En outre, ils se sont dit « en désaccord avec le décompte initial » et redoutent « un risque de contentieux ». Ils s'interrogent « plus particulièrement » sur la valeur juridique de la seconde liste présentée dans l’arrêté, « notamment en cas de dépôt d'un recours contentieux ».
Révisable « à tout moment »
Reste que ce texte pourra « être révisé à tout moment et en tant que de besoin », indique le ministre de la Transition écologique, dans l’arrêté.

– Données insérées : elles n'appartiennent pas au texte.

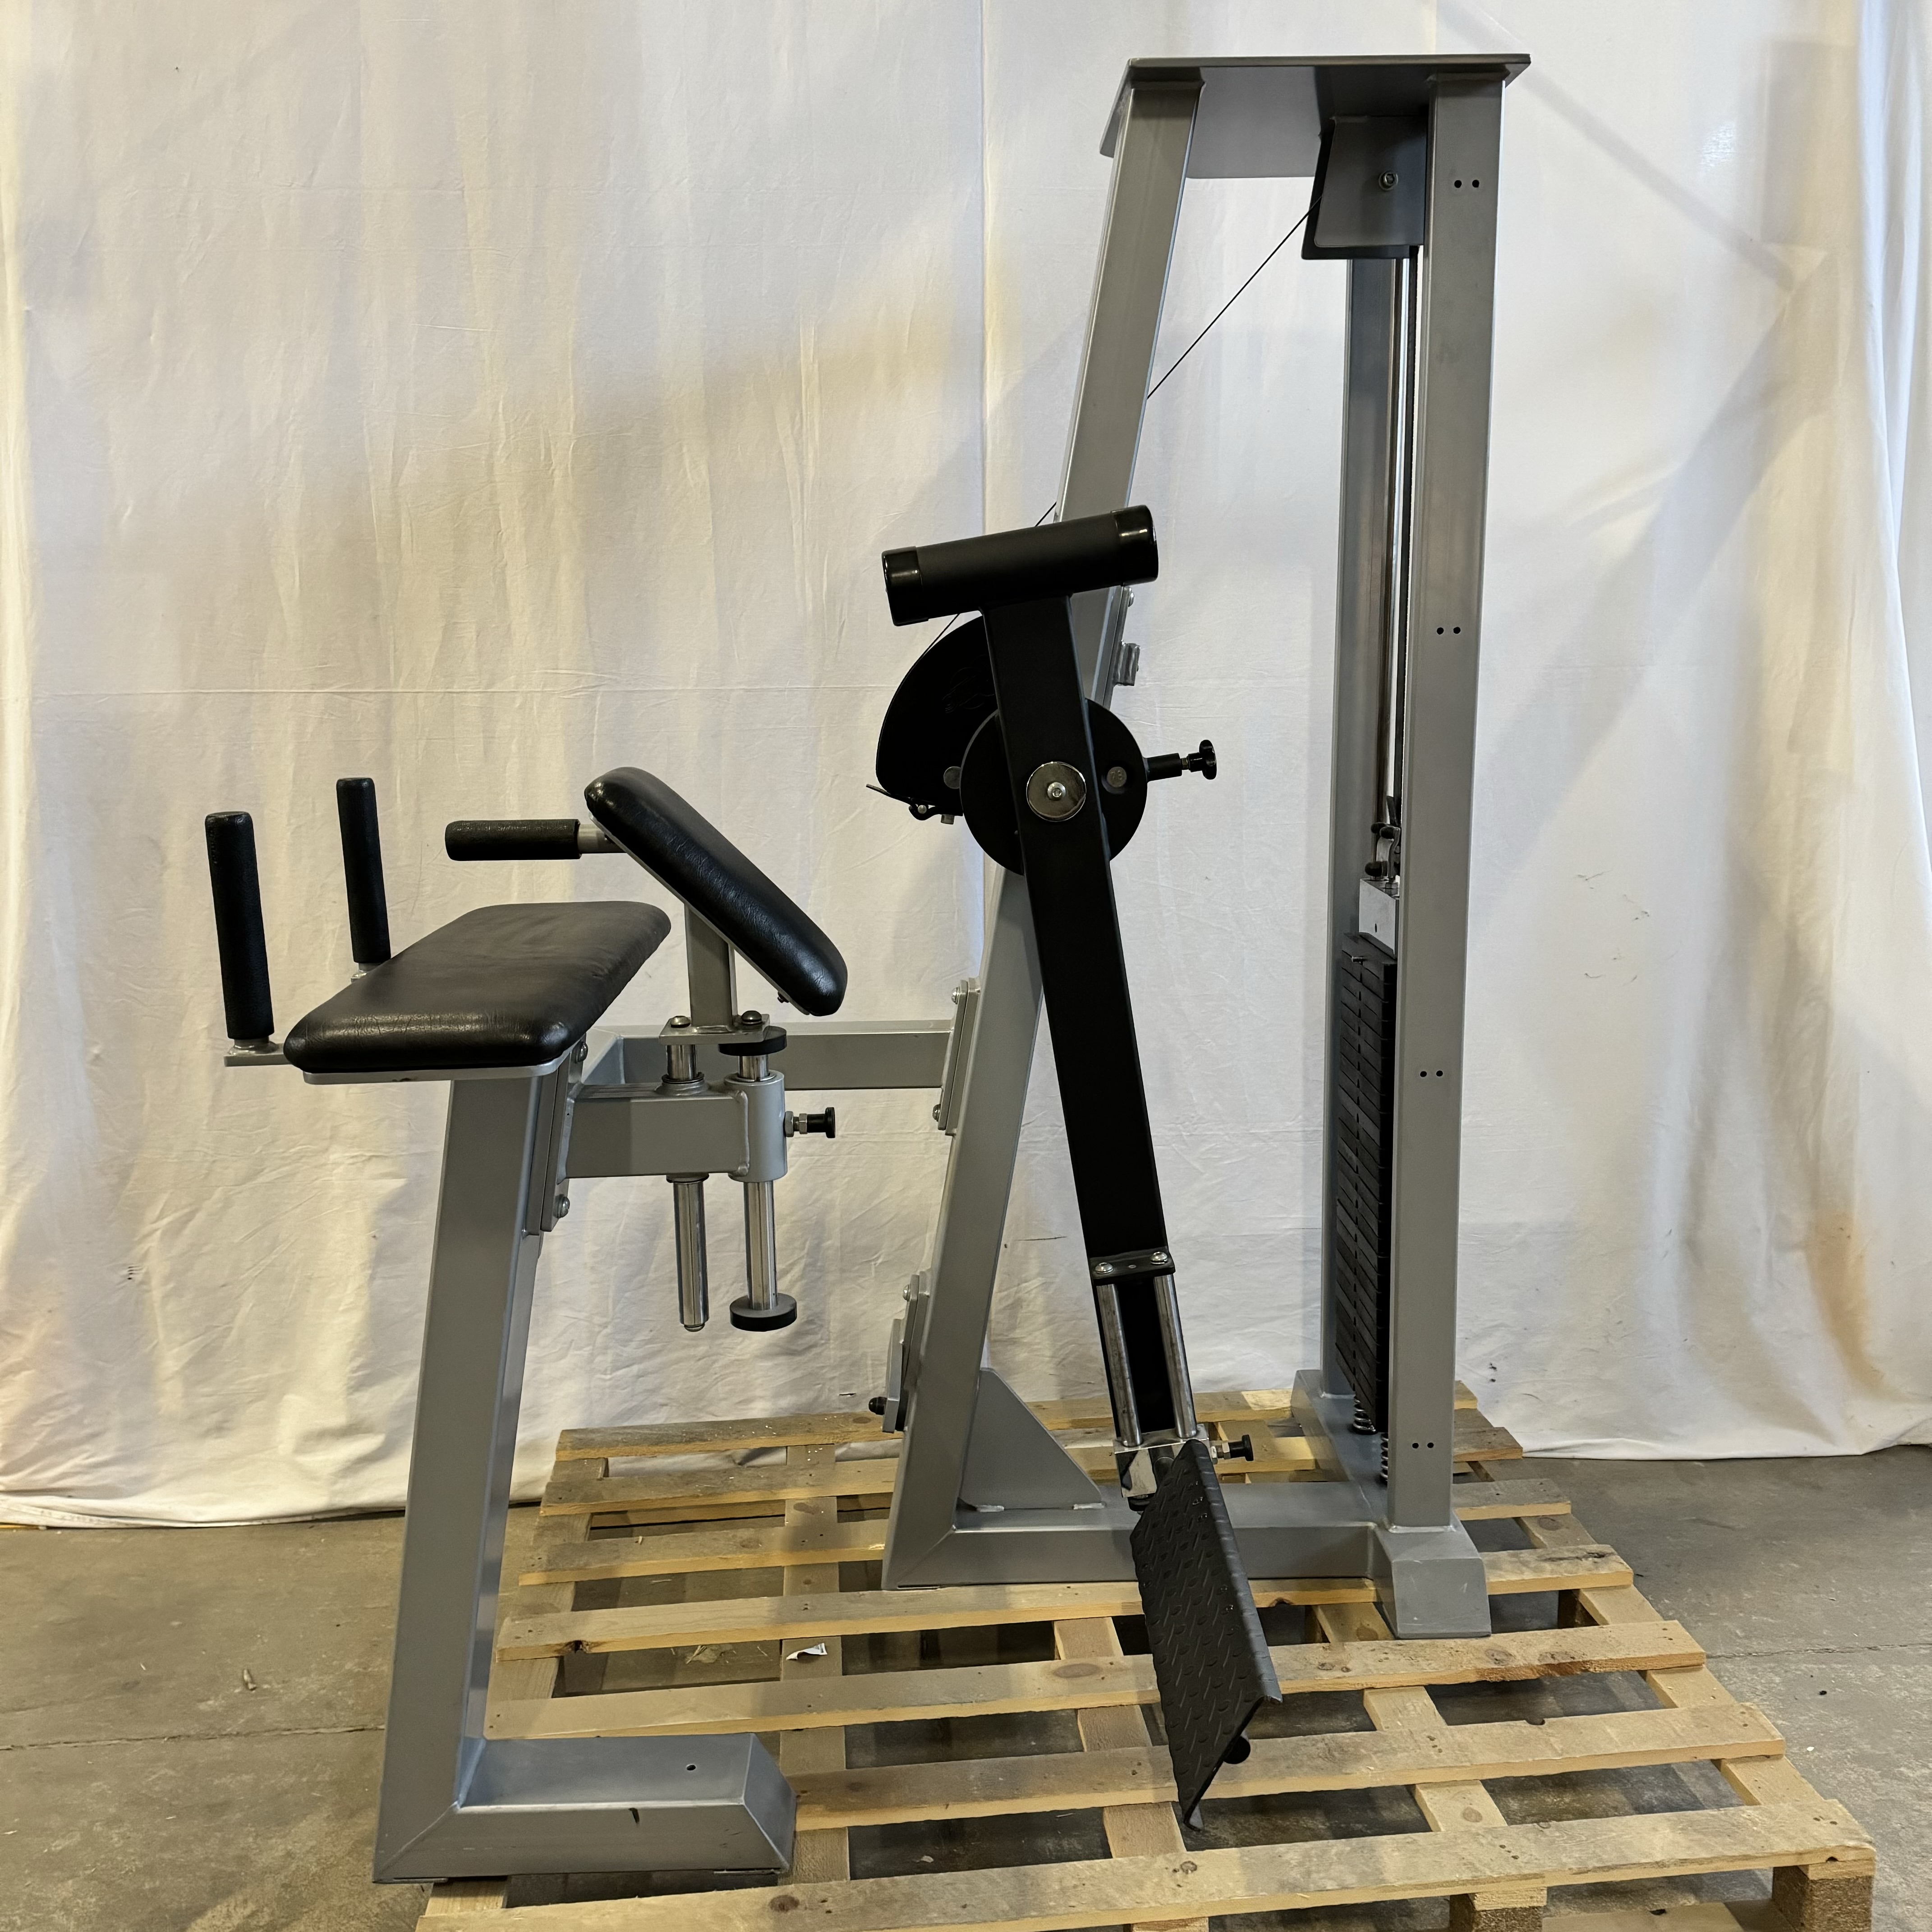 Brug gym80 Glute Kick Machine - Brugt til en forbedret oplevelse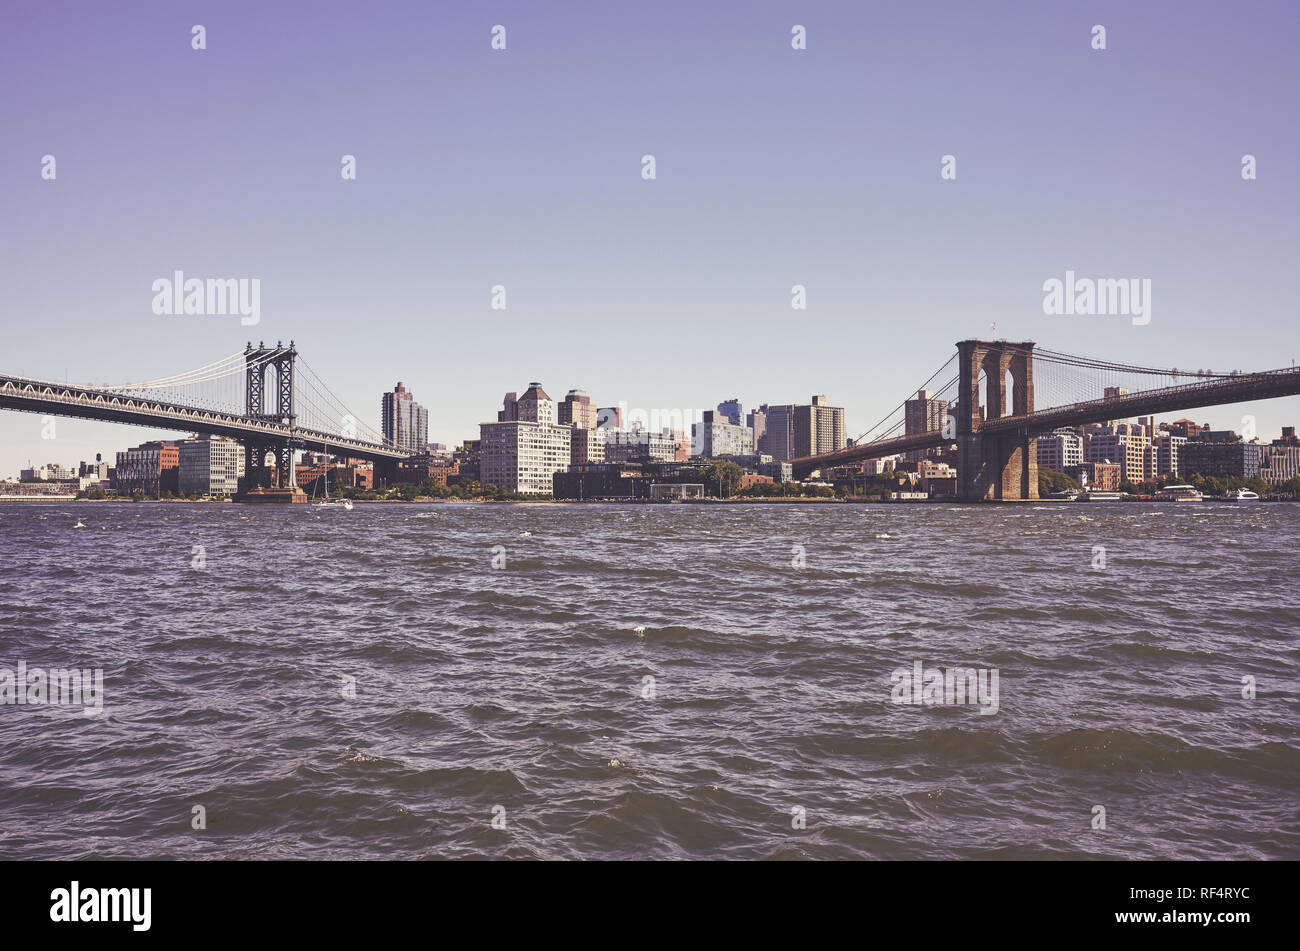 Brooklyn Borough zwischen zwei berühmten New Yorker Brücken, Manhattan Bridge und Brooklyn Bridge, retro Farbe getonte Bild, USA gesehen. Stockfoto

Ce n’est pas vraiment une surprise puisque Christophe Béchu l’avait, là aussi, annoncé courant avril.
En effet, la seule première liste représenterait un total d’environ 11 900 hectares, ne laissant que 600 hectares pour l’ensemble des quelque 300 projets restants issus de la seconde liste. Pour ne pas abandonner ces derniers, le ministre de la Transition écologique avait expliqué que « le forfait de 12 500 hectares pourra être dépassé, il est évolutif, et sera remis à jour chaque année pour intégrer les nouveaux projets », et ce conformément à l’article 3 de la loi du 20 juillet 2023 qui précise bien qu’« en cas de dépassement du forfait […] le surcroît de consommation ne peut être imputé sur l'enveloppe des collectivités territoriales ou de leurs groupements ».
« Si finalement on ne réduit pas les surfaces artificialisées de 50 % sur la décennie, mais de 47 % ou 48 %, et bien j'assume ! », avait déclaré Christophe Béchu alors que le Cerema vient de dévoiler que la France artificialise toujours autour de 20 000 hectares par an, soit un ordre de grandeur similaire aux années précédentes.